Minister of Pensions
- In office 11 October 2014 – 1 October 2020
- Prime Minister: Charles Michel Sophie Wilmès
- Preceded by: Alexander De Croo
- Succeeded by: Karine Lalieux

Member of Chamber of Representatives
- Incumbent
- Assumed office July 20, 1994
- Preceded by: Jean Gol

Personal details
- Born: October 30, 1952 (age 73) Liège, Belgium

= Daniel Bacquelaine =

Belgian politician (born 1952)

Daniel Alain Marie Bacquelaine (/fr/; born 30 October 1952 in Liège, Belgium) is a Belgian Walloon politician. As a member of the Reformist Movement, he served as the Federal Minister for Pensions in the Michel Government and Wilmès Government and a member of parliament since 1994.

== Biography ==
After studying medicine at the University of Liège, Dr. Bacquelaine moved to Chaudfontaine as a general practitioner.

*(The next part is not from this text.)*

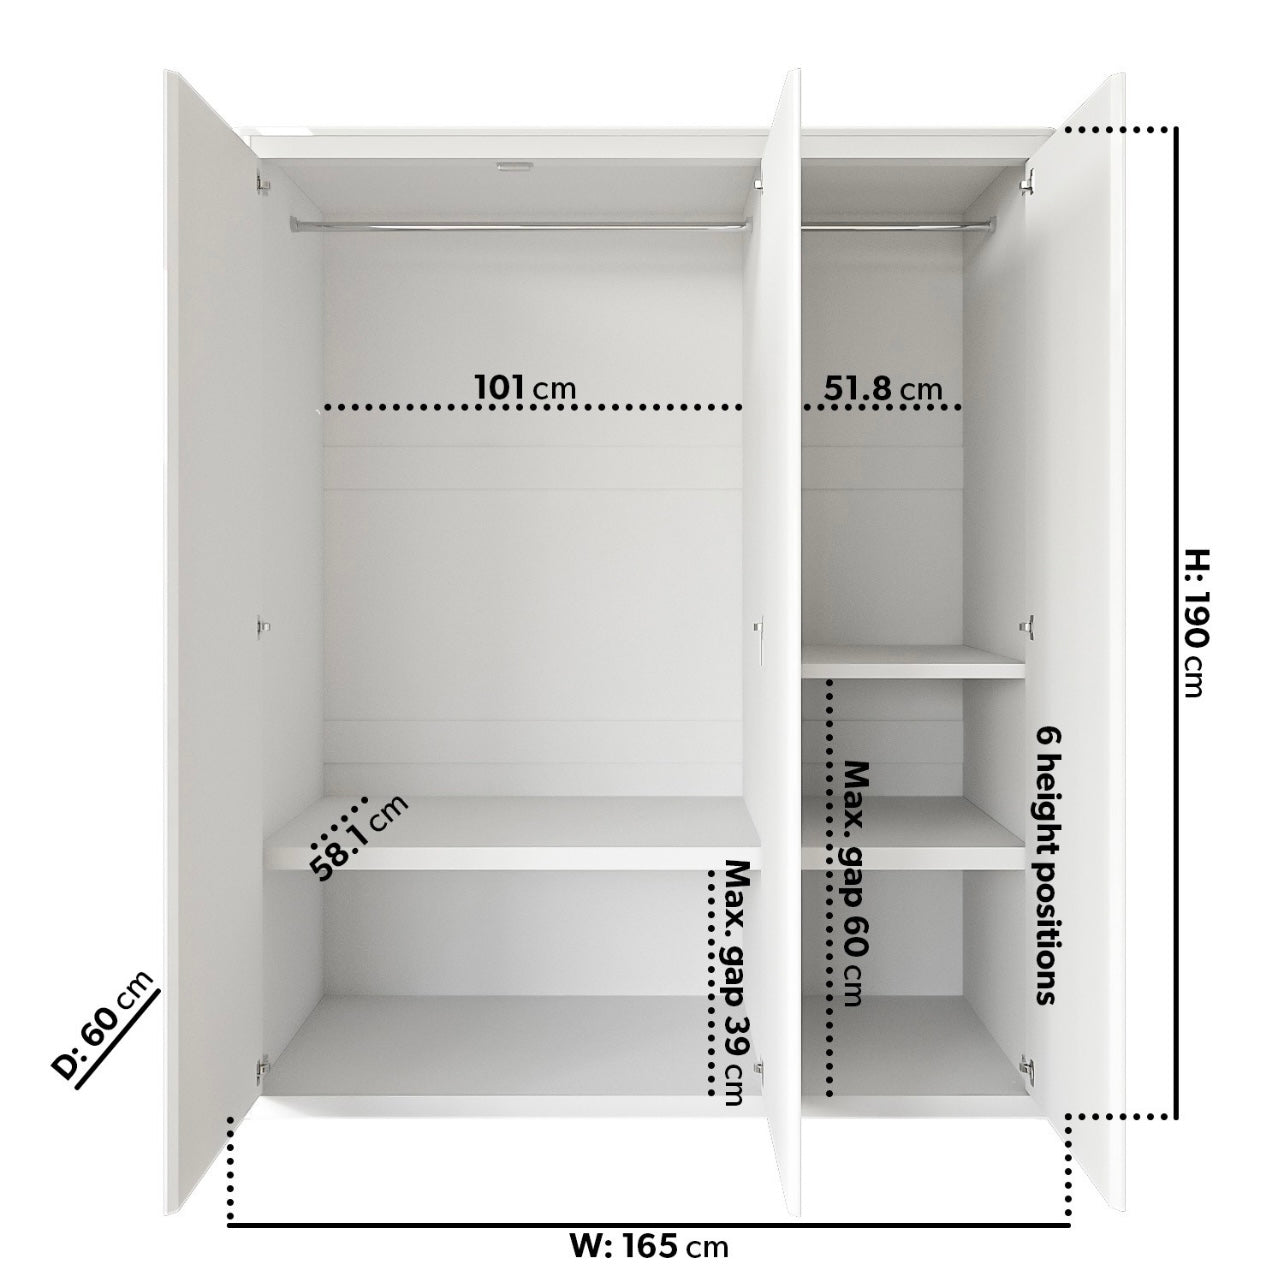 Triple Wardrobe with Adjustable Shelves

Meanwhile, he pursued a career in science as Master internship in general medicine. Author of numerous publications, he taught both in Belgium and abroad. He graduated in Mesotherapy at the University of Bordeaux.

Daniel Bacquelaine is also President of the Belgian Scientific Society of Mesotherapy. He also became Vice-President of the International Society of Mesotherapy between 1996 and 2003. He is a member of the Euro-Mediterranean Parliamentary Assembly and member of the Advisory Interparliamentary Council of Benelux.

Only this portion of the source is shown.